Nearly 1,000 passengers did not enjoy their cruise.
Nearly 700 passengers and crew members became ill during a cruise on Royal Caribbean’s Explorer of the Seas. The voyage was cut short and the ship returned to port Wednesday in New Jersey, where it was being sanitized in preparation for its next voyage. Long lines of weary travelers who arrived to freezing temperatures in Bayonne recalled days of misery holed up in their rooms with extreme stomach cramps, vomiting and diarrhea.
Health investigators suspect norovirus, but lab results are not expected until later this week. The U.S. Centers for Disease Control and Prevention said its latest count puts the number of those sickened at 630 passengers and 54 crew members. The ship, scheduled for a 10-day cruise, was carrying 3,050 passengers.
If norovirus is to blame, it would be one of the largest norovirus outbreaks on a cruise ship in the last 20 years, the CDC said. Norovirus — once known as Norwalk virus — is highly contagious. It can be picked up from an infected person, contaminated food or water or by touching contaminated surfaces. Sometimes mistaken for the stomach flu, the virus causes bouts of vomiting and diarrhea for a few days.

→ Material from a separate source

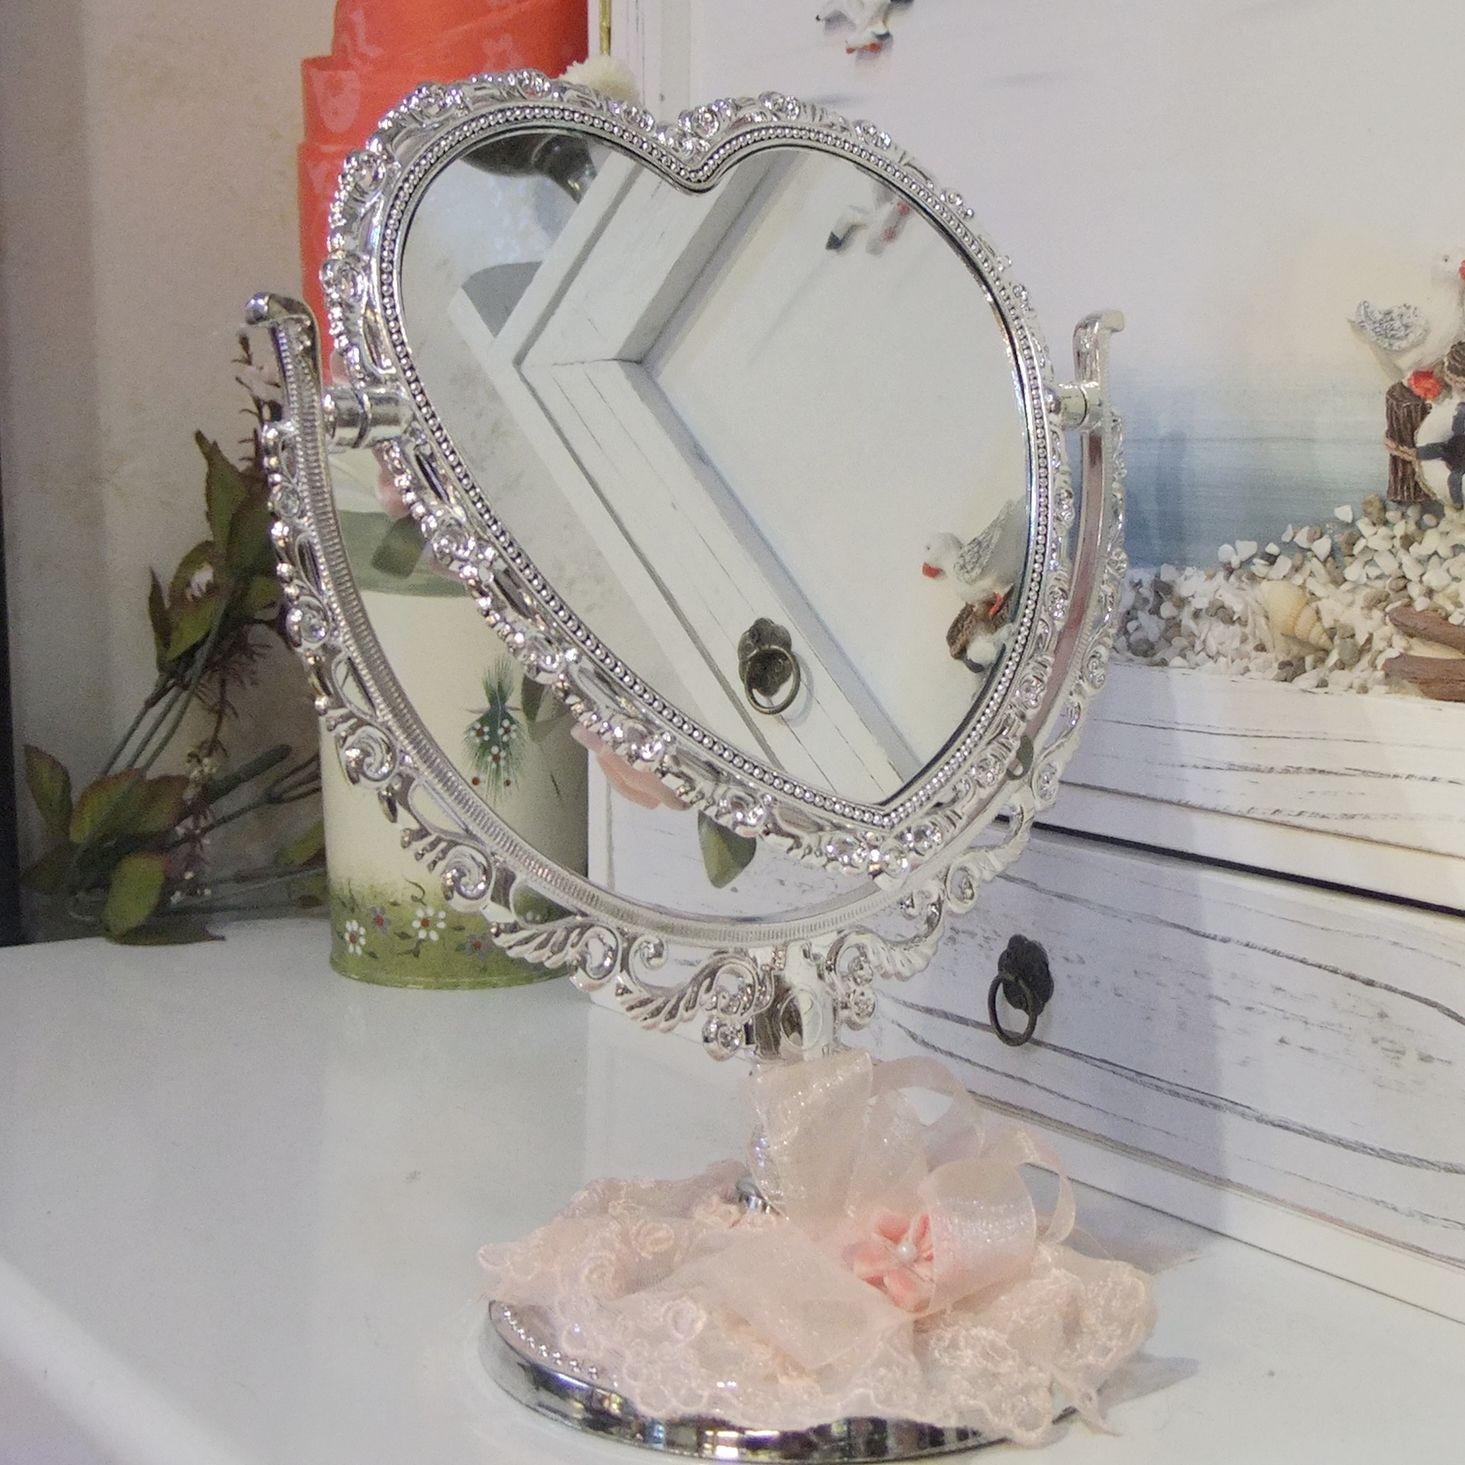 Зеркало настольное Красивые сестры «показать» зеркало свадебный подарок ~ кролик счастливая пара ~ сердце образный круглое зеркало в форме яйца

The ship will be sanitized and no one will be allowed aboard for a period of more than 24 hours as an extra precaution, the cruise line said. “We will perform a thorough ‘barrier’ sanitization program on the entire ship to make certain that any remaining traces of the illness are eliminated,” a Royal Caribbean spokesperson said in an e-mail to FoxNews.com. “It will be the third aggressive sanitizing procedure the ship has undertaken since we became aware of the issue.
Explorer of the Seas is on track to depart at its originally scheduled time Friday afternoon on its next cruise, a nine-night trip with port calls in Puerto Rico, St. Thomas, the Dominican Republic and Haiti, a Royal Caribbean spokeswoman said.